Long-running series have an aversion to change. Which makes sense, since it’s hard to ditch the actors and plots that were working. But it is important to see the signs that they aren’t working anymore.

There are times when a character’s arc has come to an end. They’ve served their plot purpose and now it’s time for them to make a graceful exit. Keeping them around and trying to force the story to accommodate them does not work. It diminishes the character and confuses the plot.


For example, do you remember how long Heroes held on to Sylar? Now, I can imagine they didn’t want to lose Zachary Quinto, but the plot contortions the show went through to keep him around were absurd. Memory loss! Ghost! Resurrection! He was a villain, and a great one for a while. Defeat is the natural end to his story and it should have ended there.

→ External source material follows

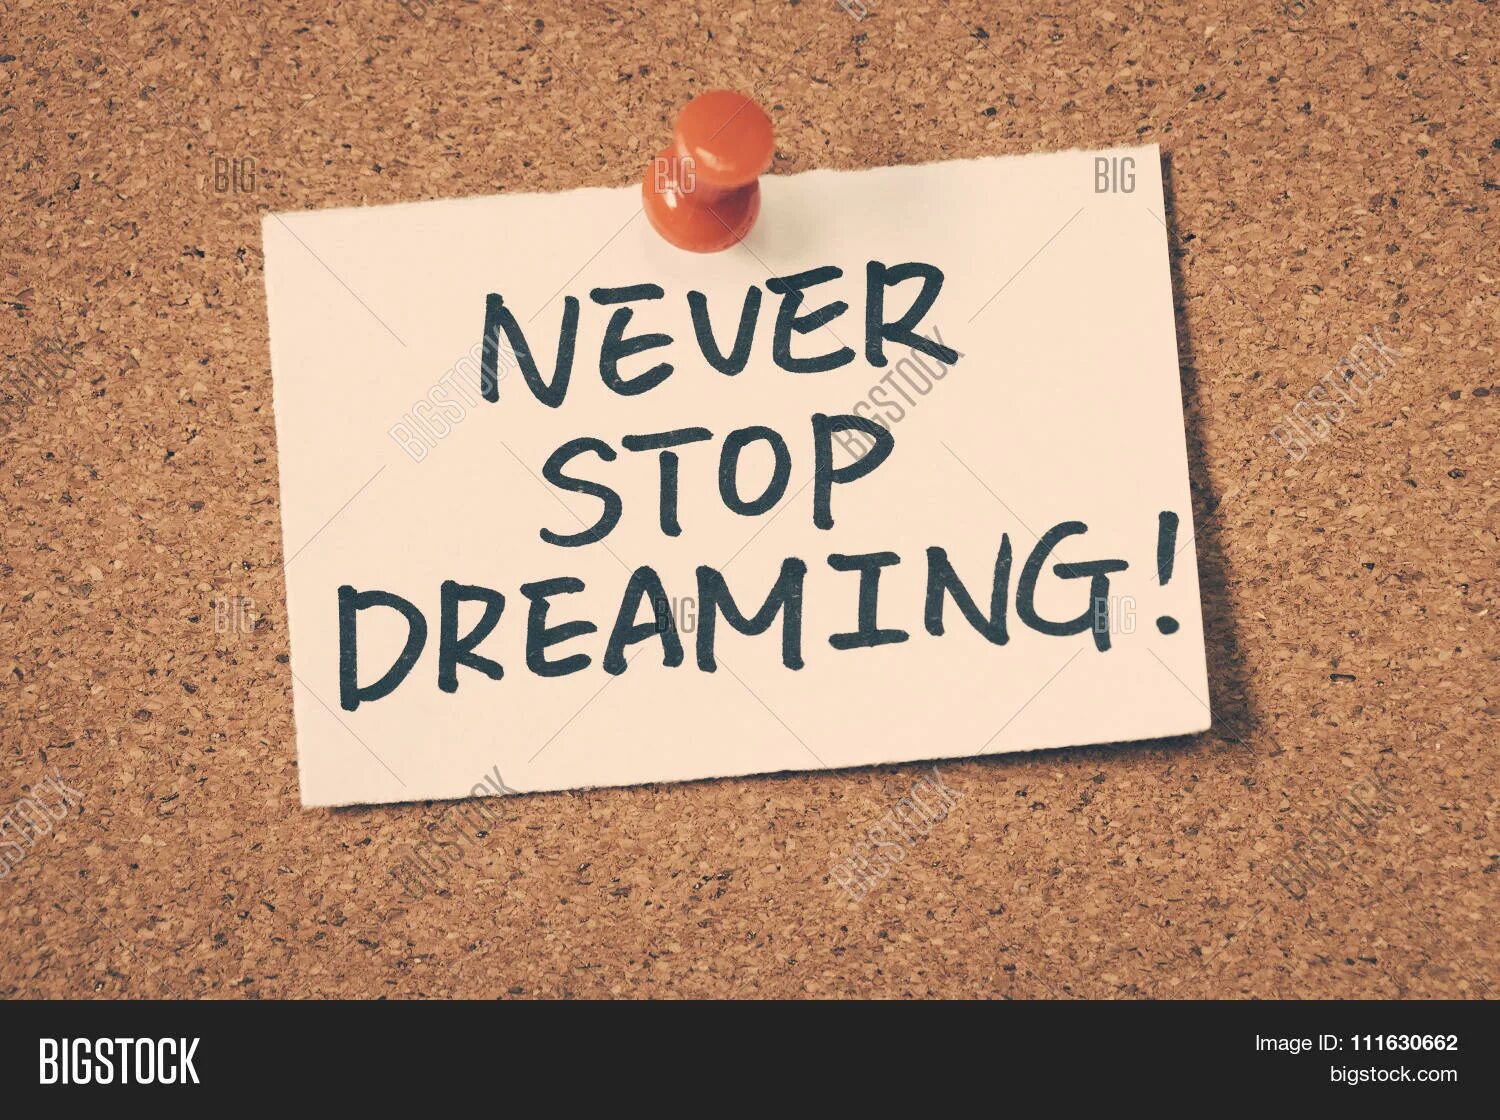 Never dreamed перевод. Невер стоп дриминг. Никогда не переставай мечтать. Never stop обои. Не переставай мечтать обои.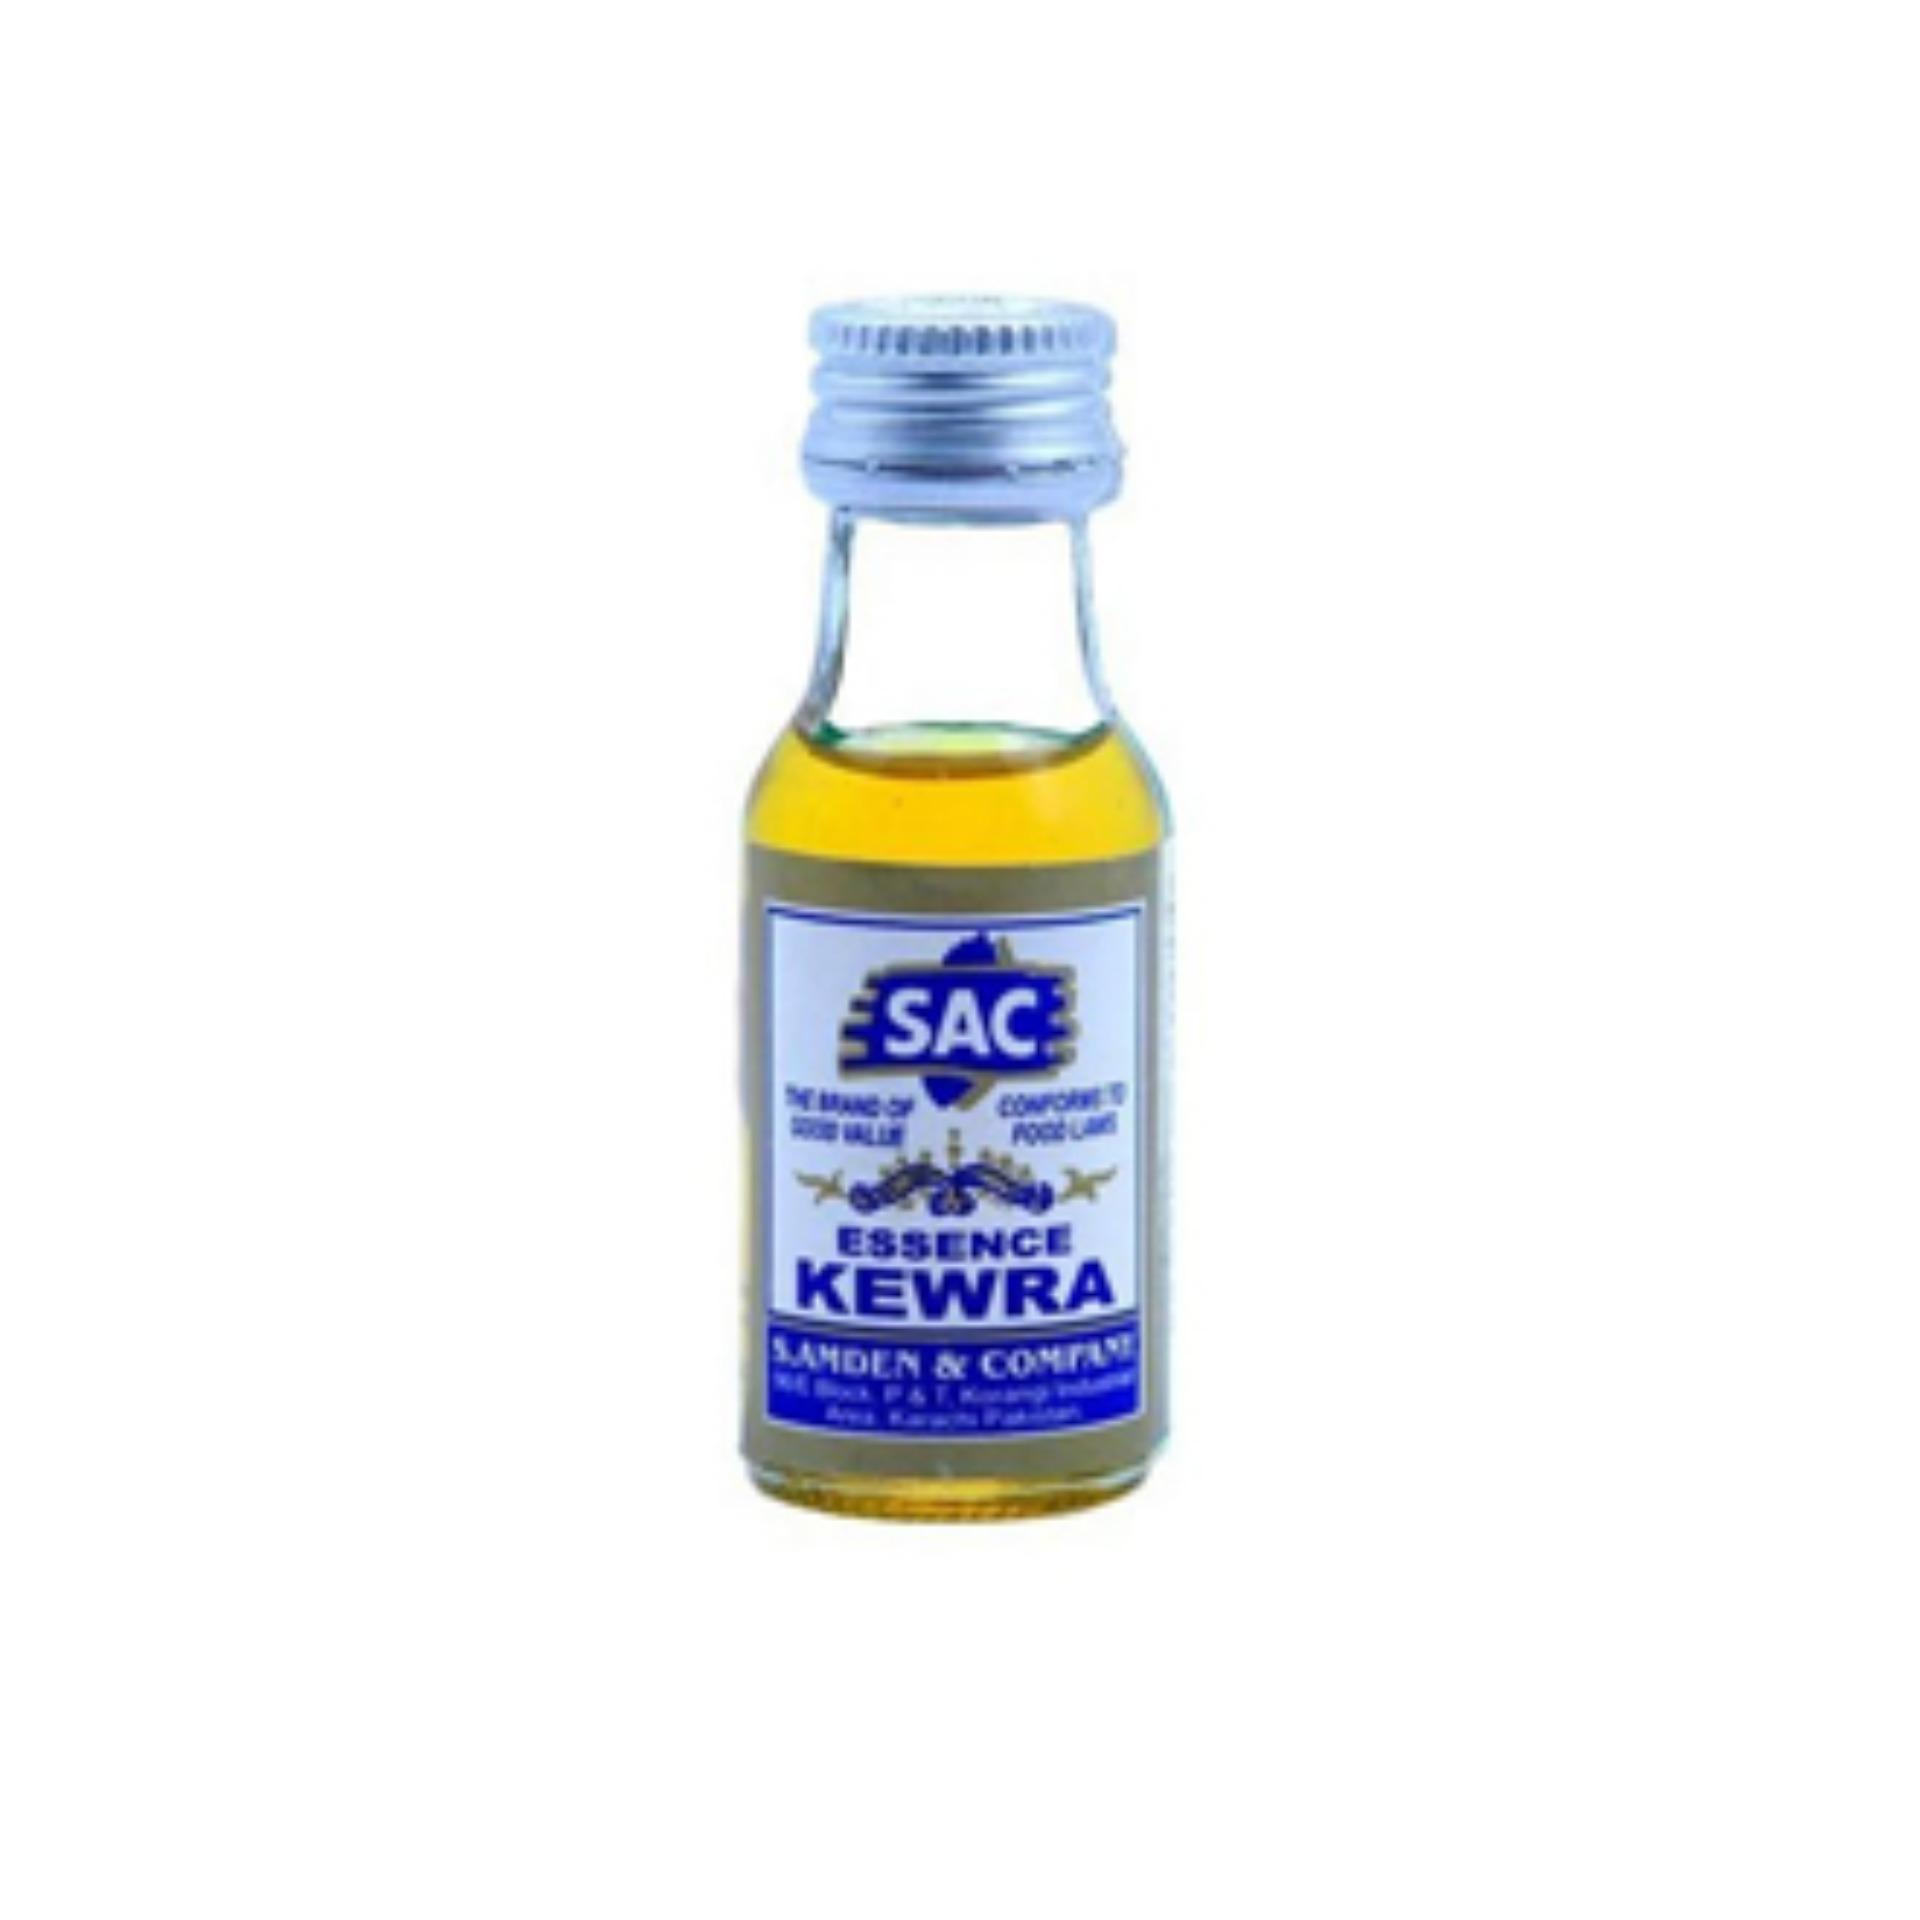 Kewra Essence (AGC)

But, why not avoid the problem of ending a character’s arc by never ending it? Just go around and around in circles until no one remembers what the point was anymore!

This is a miserable choice. Fiction requires a certain suspension of disbelief, but there is a certain point where the sheer number of obstacles facing main characters in their quests becomes untenable. Or, the fact that they haven’t succeeded forces the audience to conclude that the protagonists are incompetent.

This is becoming increasingly true on Once Upon a Time. It is time for the Charmings to ditch the spotlight, because they are, not to put too fine a point on it, the worst. I cannot believe that there has not been a bloody revolution overthrowing these royal idiots. Everything bad that happens is because of either some bad decision they made or a villain they pissed off. Quarantine them somewhere where the blowback can’t ricochet back onto innocent bystanders. Every single one of this season’s three episodes contains a misfortune befalling the dwarves that should send them into a proletarian rage.


The options aren’t always character carnage. Sometimes a character needs to die to move the story forward. Sometimes not. They can just transition into a less prevalent role. Serve as a guide to a new generation. Have a completely different story as a supporting character. Either way, the goal should be forward momentum, not a determination to do the same thing ad nauseam.